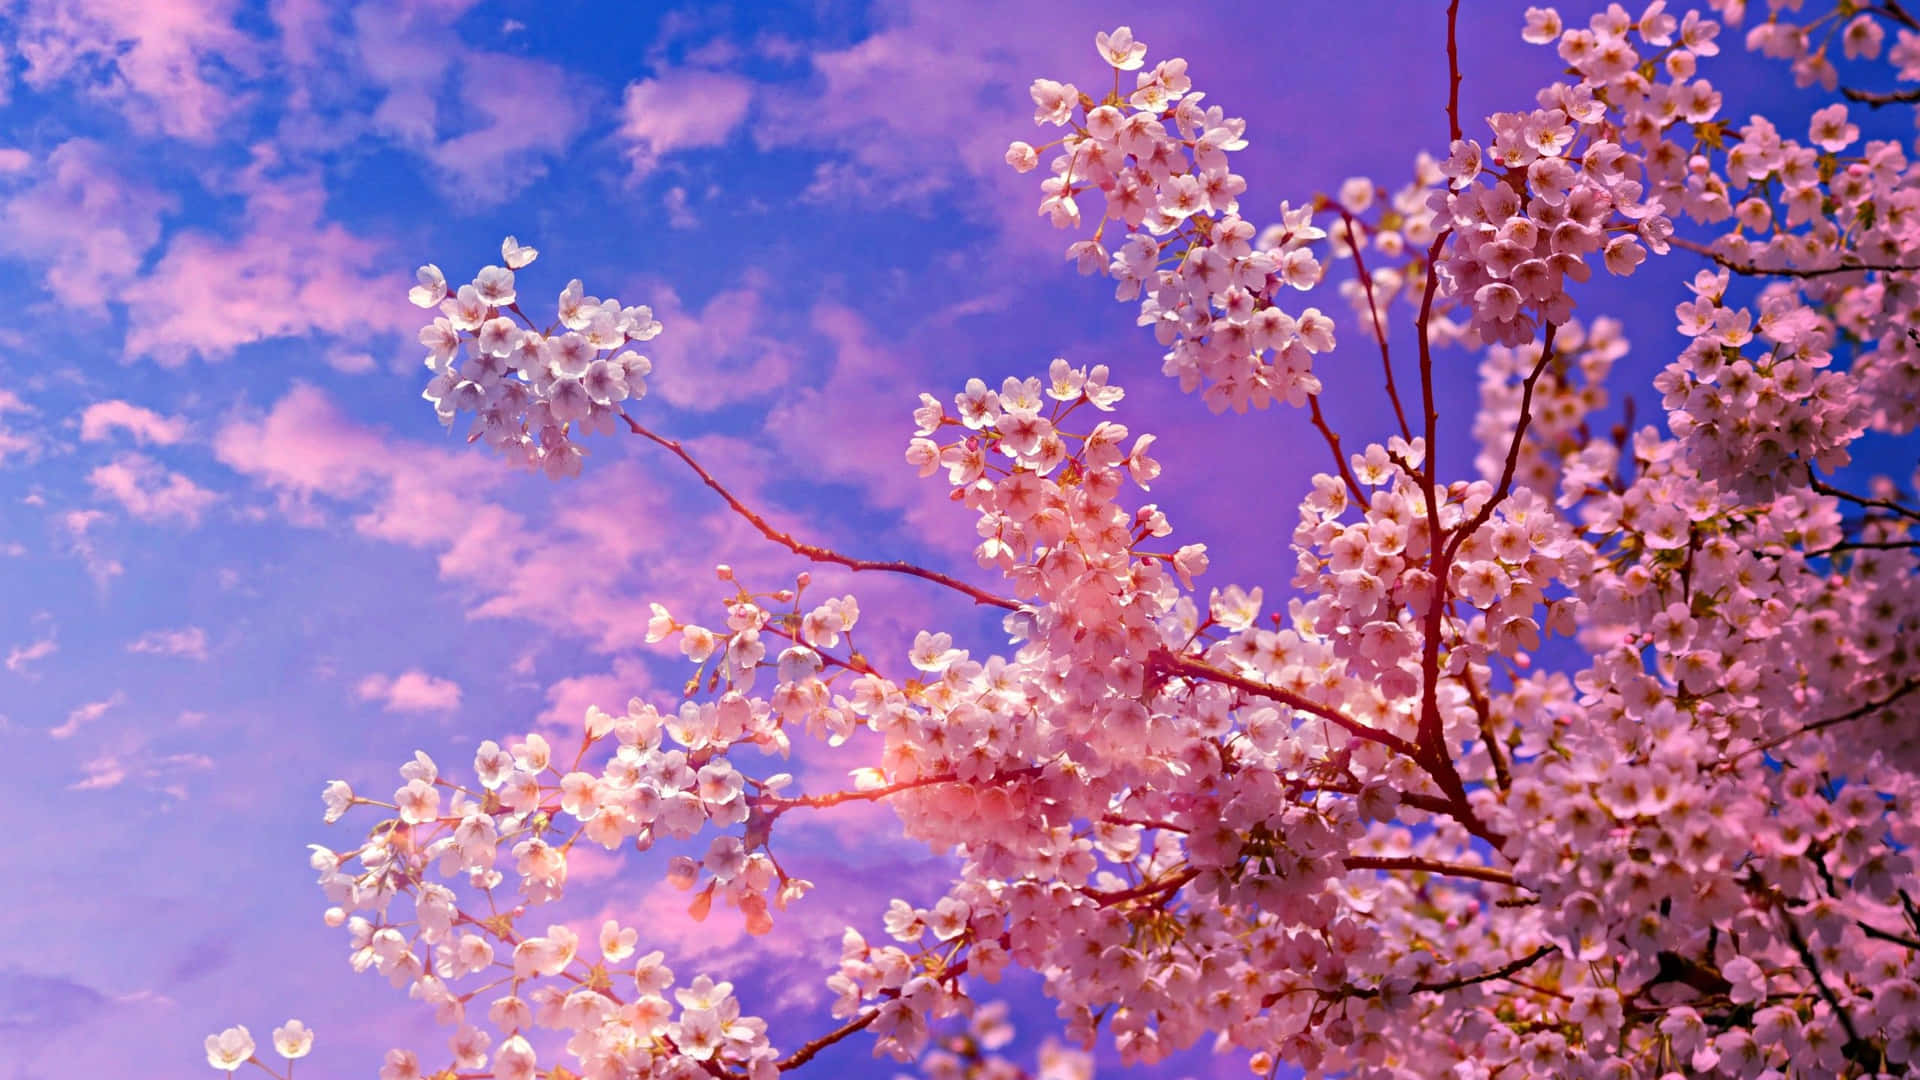 Unavista Pintoresca De Un Árbol De Flores De Sakura En Plena Floración Fondo de pantalla
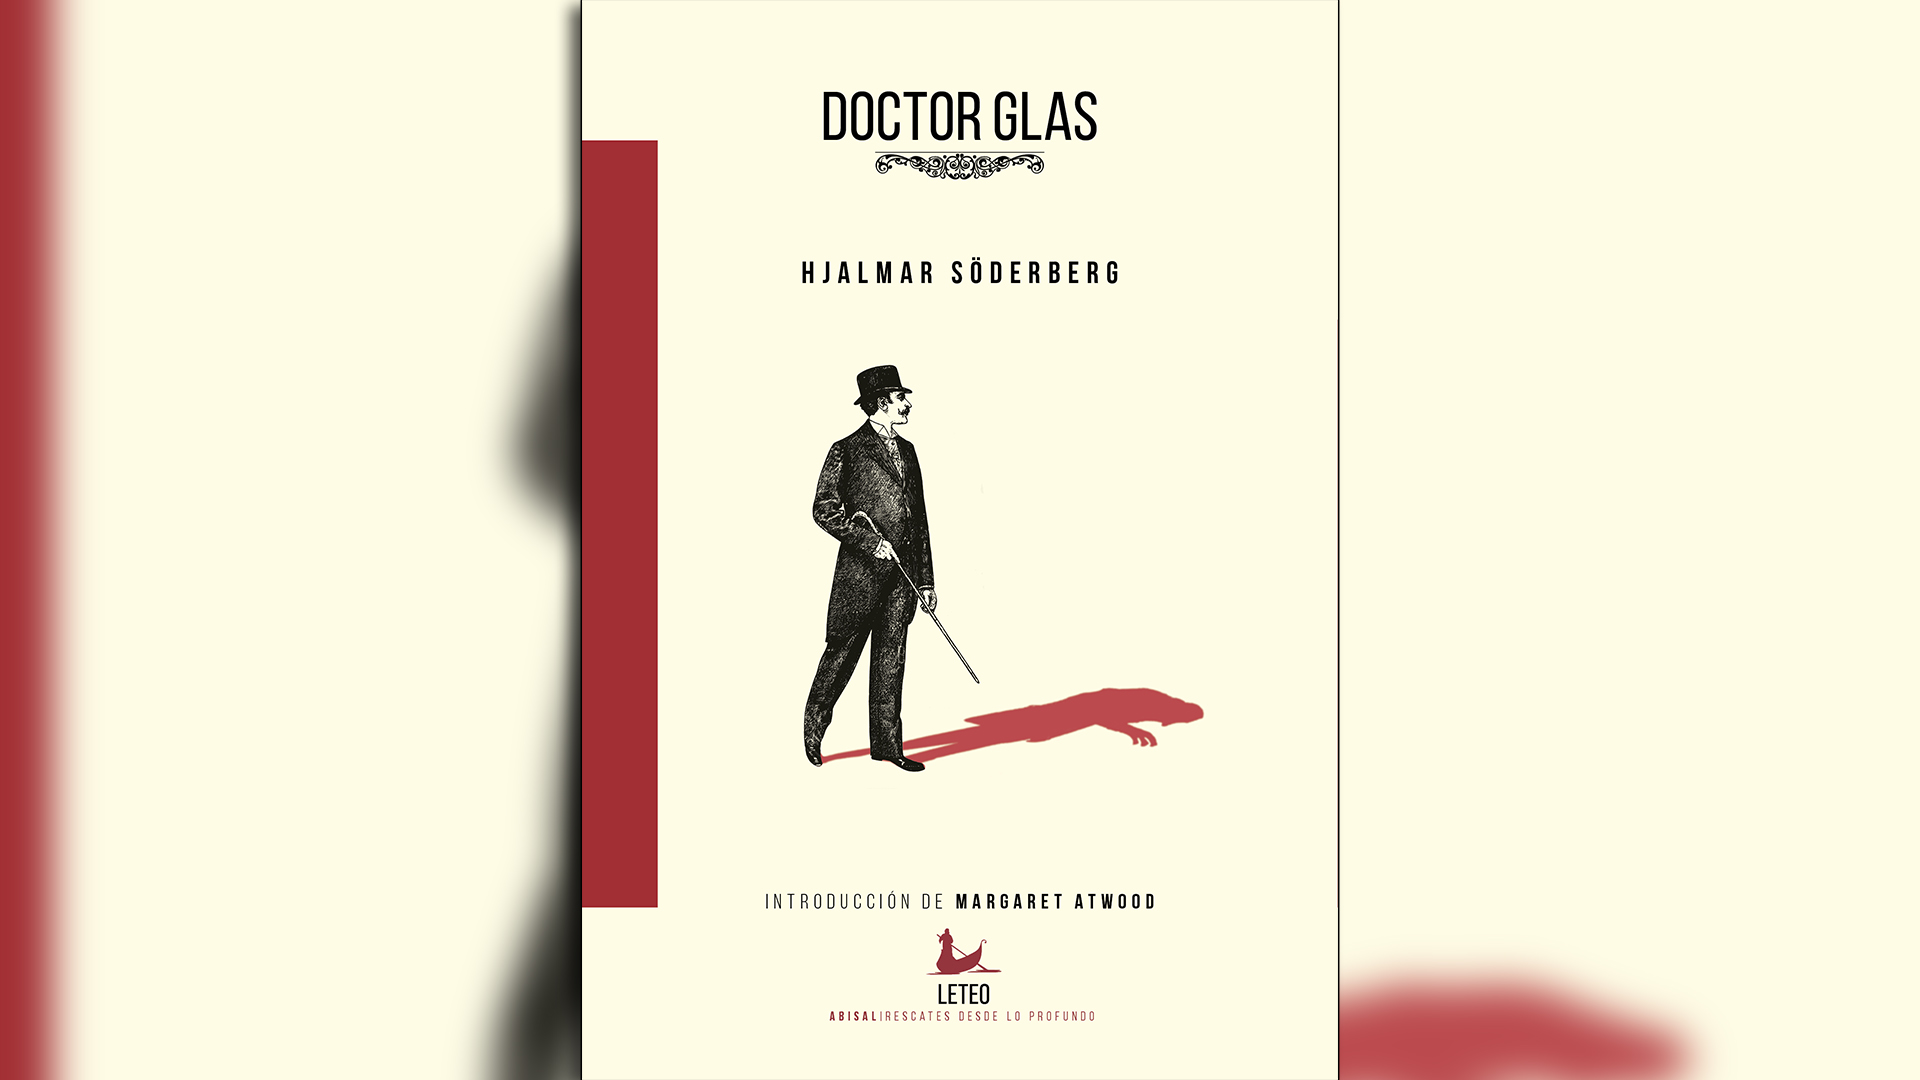 Portada de "Doctor Glas", de Hjalmar Söderberg, editado por Leteo.
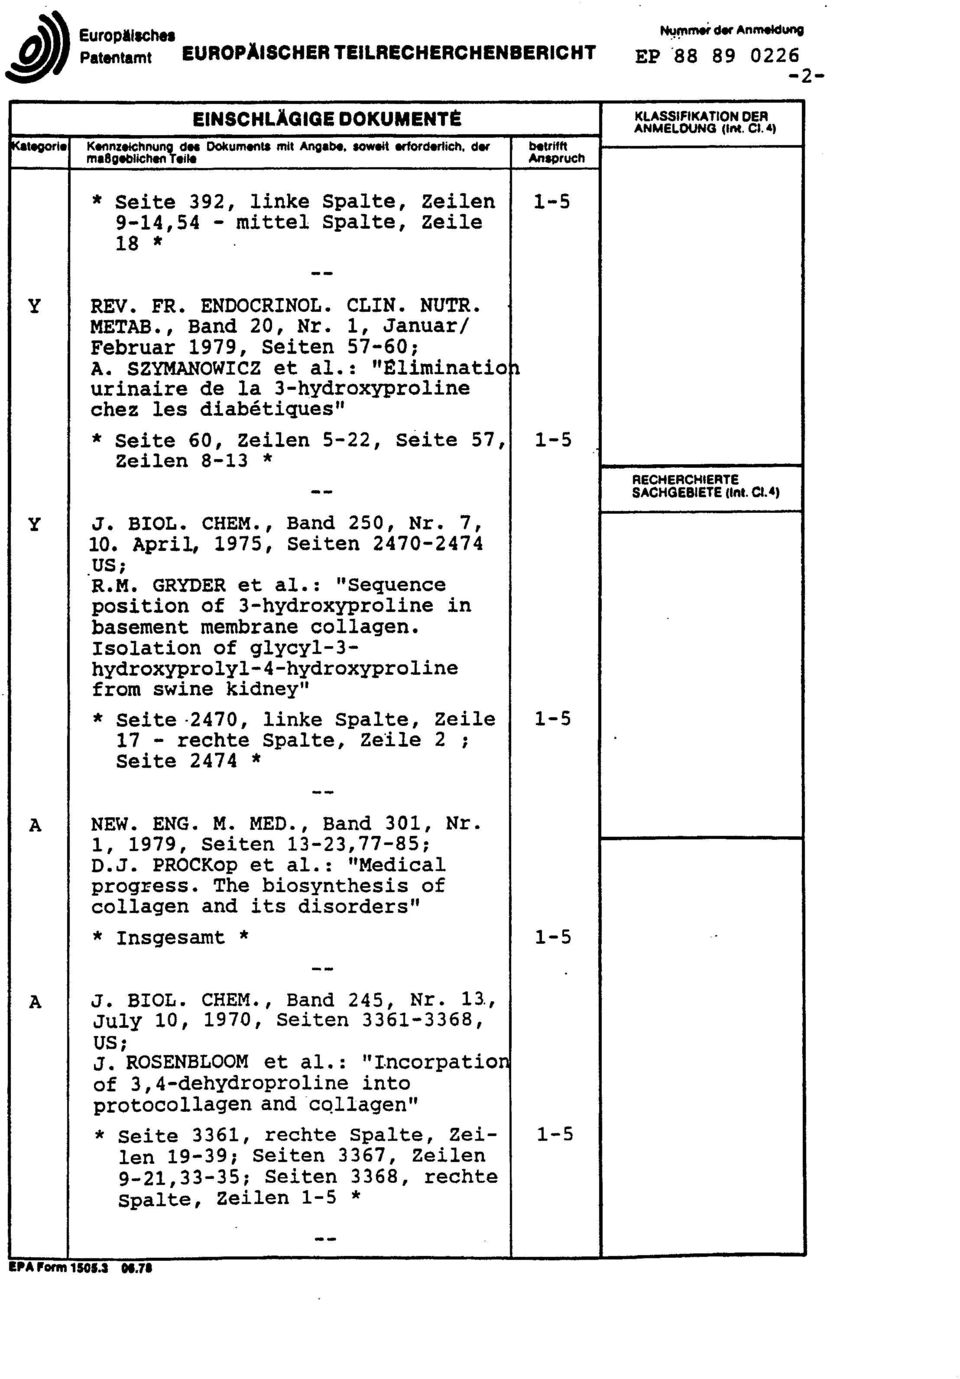 : "Eliminatio \ urinaire de la 3-hydroxyproline chez les diabetiques" * Seite 60, Zeilen 5-22, Seite 57, 1-5 Y J. BIOL. CHEM., Band 250, Nr. 7, 10. April, 1975, Seiten 2470-2474 US; R.M. GRYDER et al.
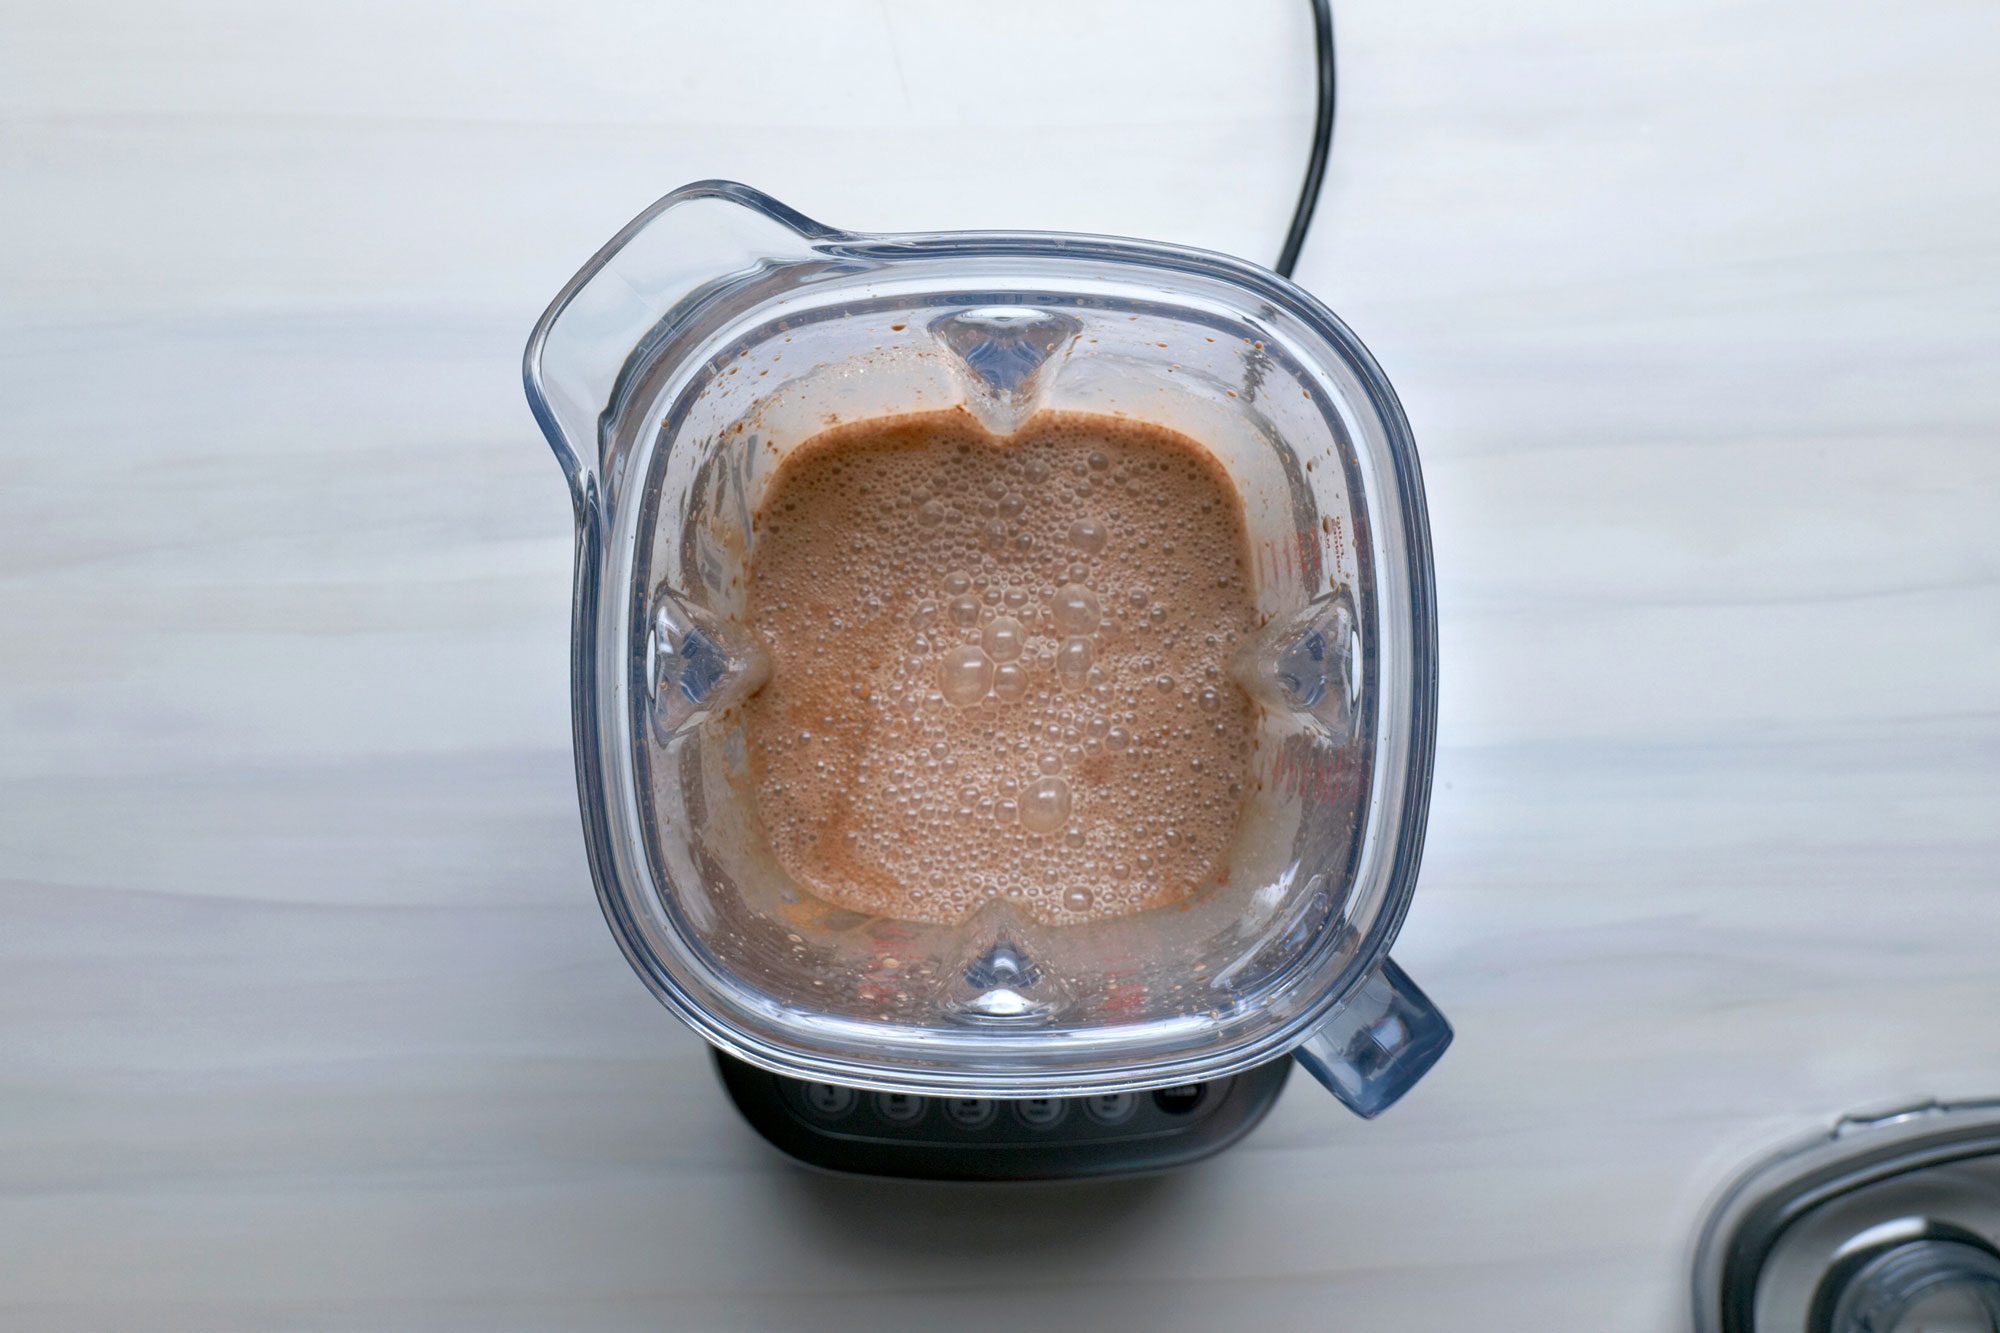 Combine sugar, cocoa and vanilla in a blender
--
▶ _Aim of the task_
Beginning with the line that holds "GRYDER et al." and ending with the last line of the material above, extract every line exactly, pictures excluded.

▶ _Result of this task_
 : "Eliminatio \ urinaire de la 3-hydroxyproline chez les diabetiques" * Seite 60, Zeilen 5-22, Seite 57, 1-5 Y J. BIOL. CHEM., Band 250, Nr. 7, 10. April, 1975, Seiten 2470-2474 US; R.M. GRYDER et al.
 Combine sugar, cocoa and vanilla in a blender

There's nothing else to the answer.